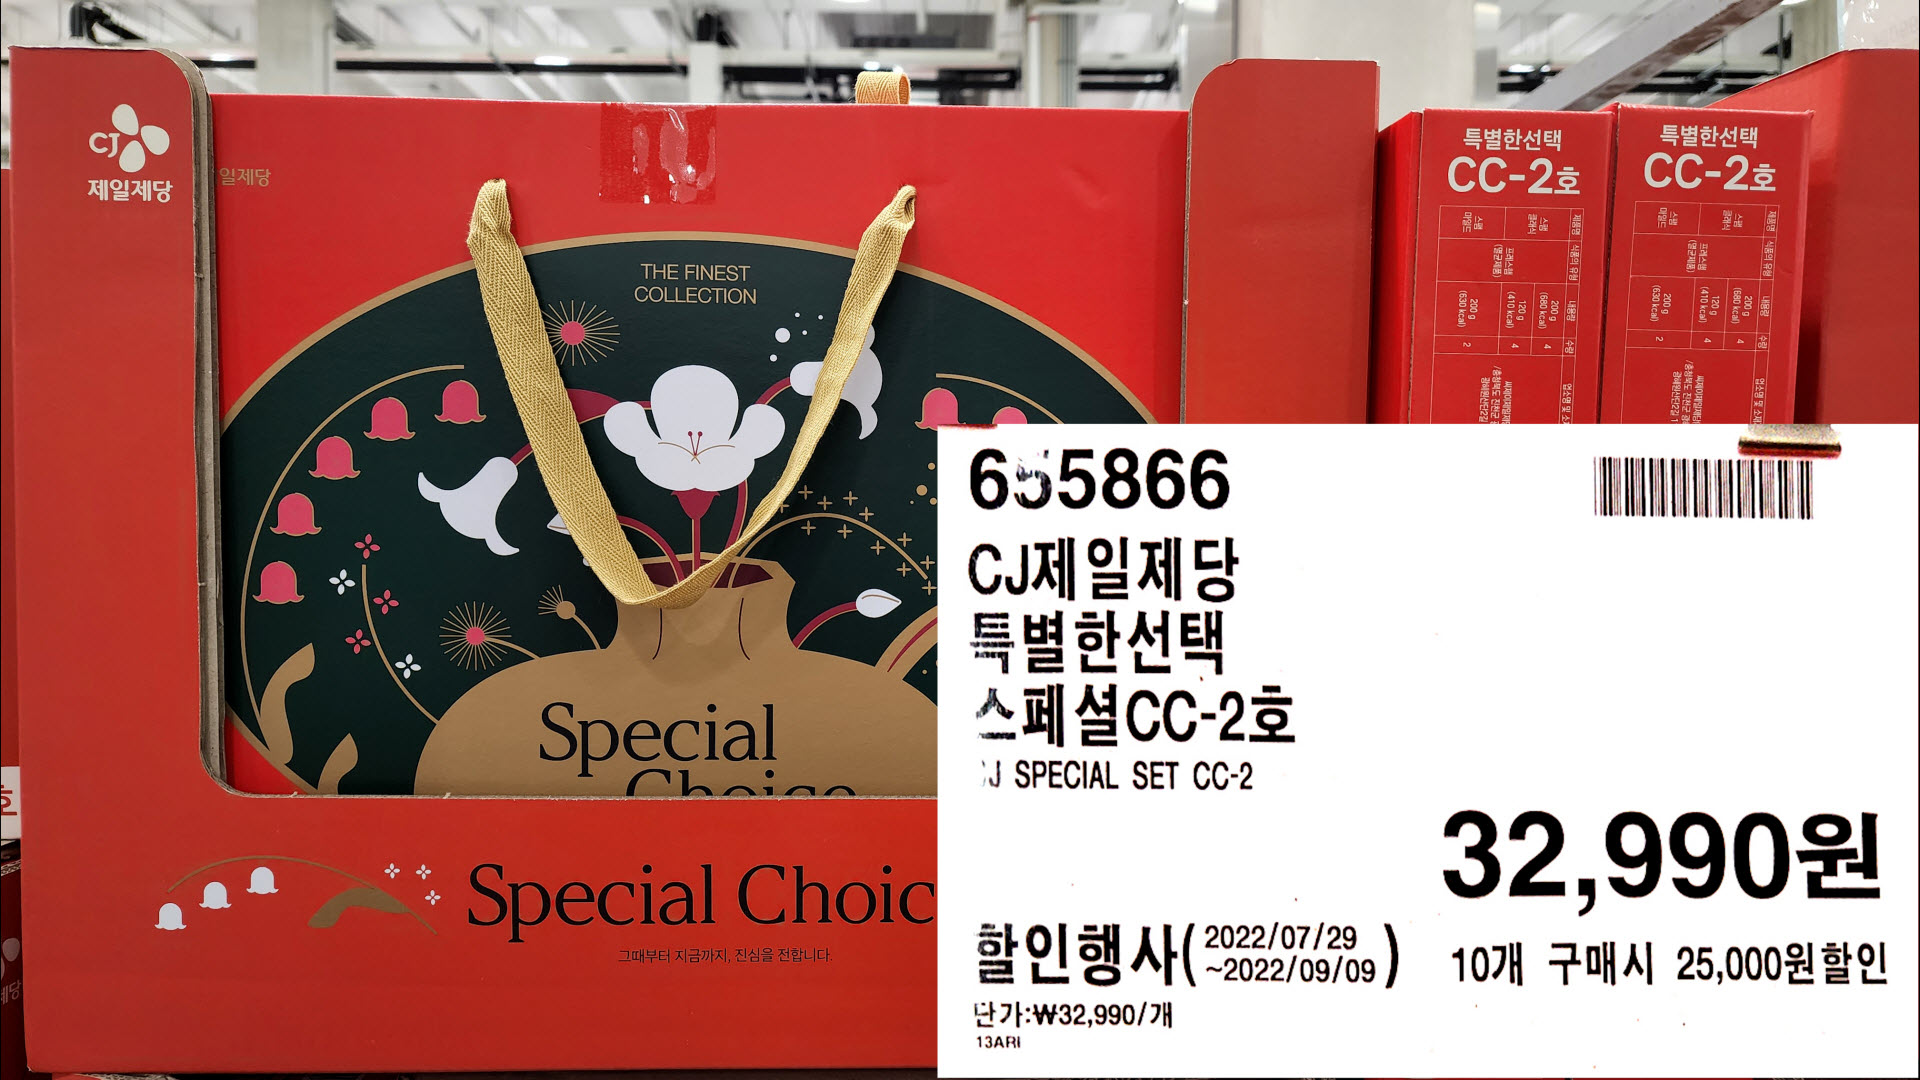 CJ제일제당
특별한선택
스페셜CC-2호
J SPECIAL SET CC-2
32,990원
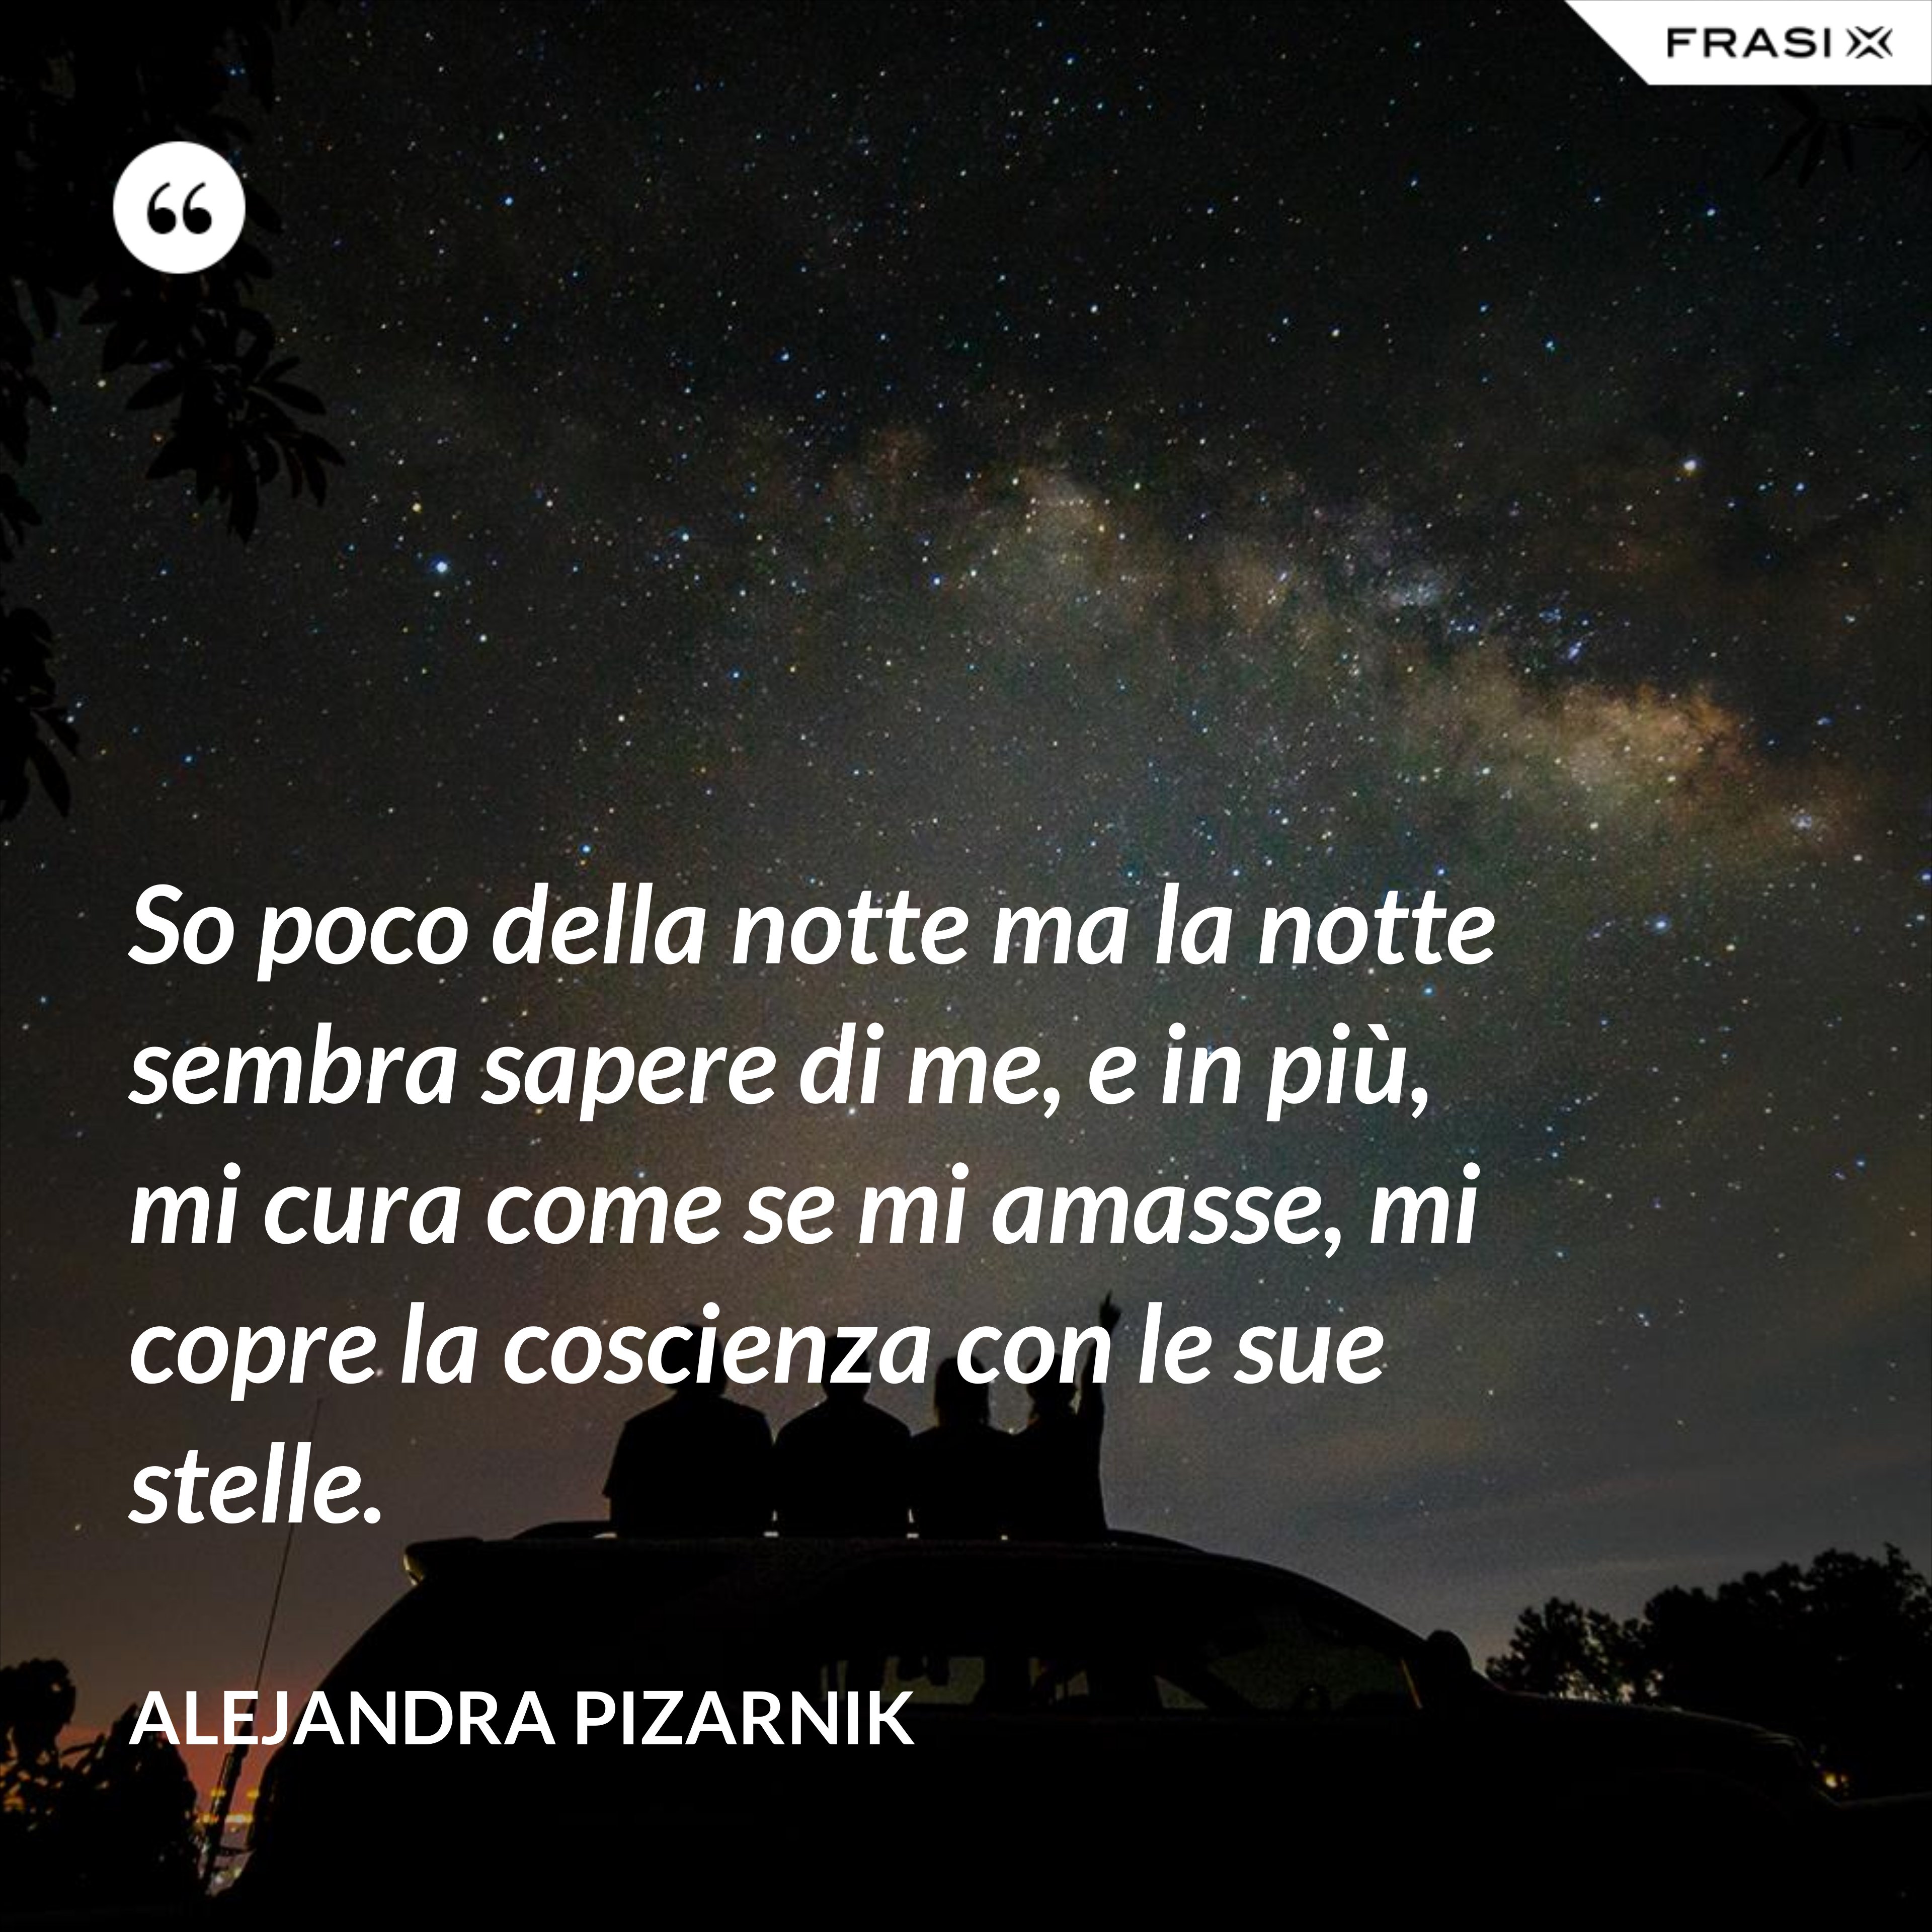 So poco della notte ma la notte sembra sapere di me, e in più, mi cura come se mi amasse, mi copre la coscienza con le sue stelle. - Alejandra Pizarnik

──────────────────────────────

## Activity
Each record must be quoted in full and exactly. Do not include the pictures.

## Written answer
 CJ제일제당
특별한선택
스페셜CC-2호
J SPECIAL SET CC-2
32,990원
 So poco della notte ma la notte sembra sapere di me, e in più, mi cura come se mi amasse, mi copre la coscienza con le sue stelle. - Alejandra Pizarnik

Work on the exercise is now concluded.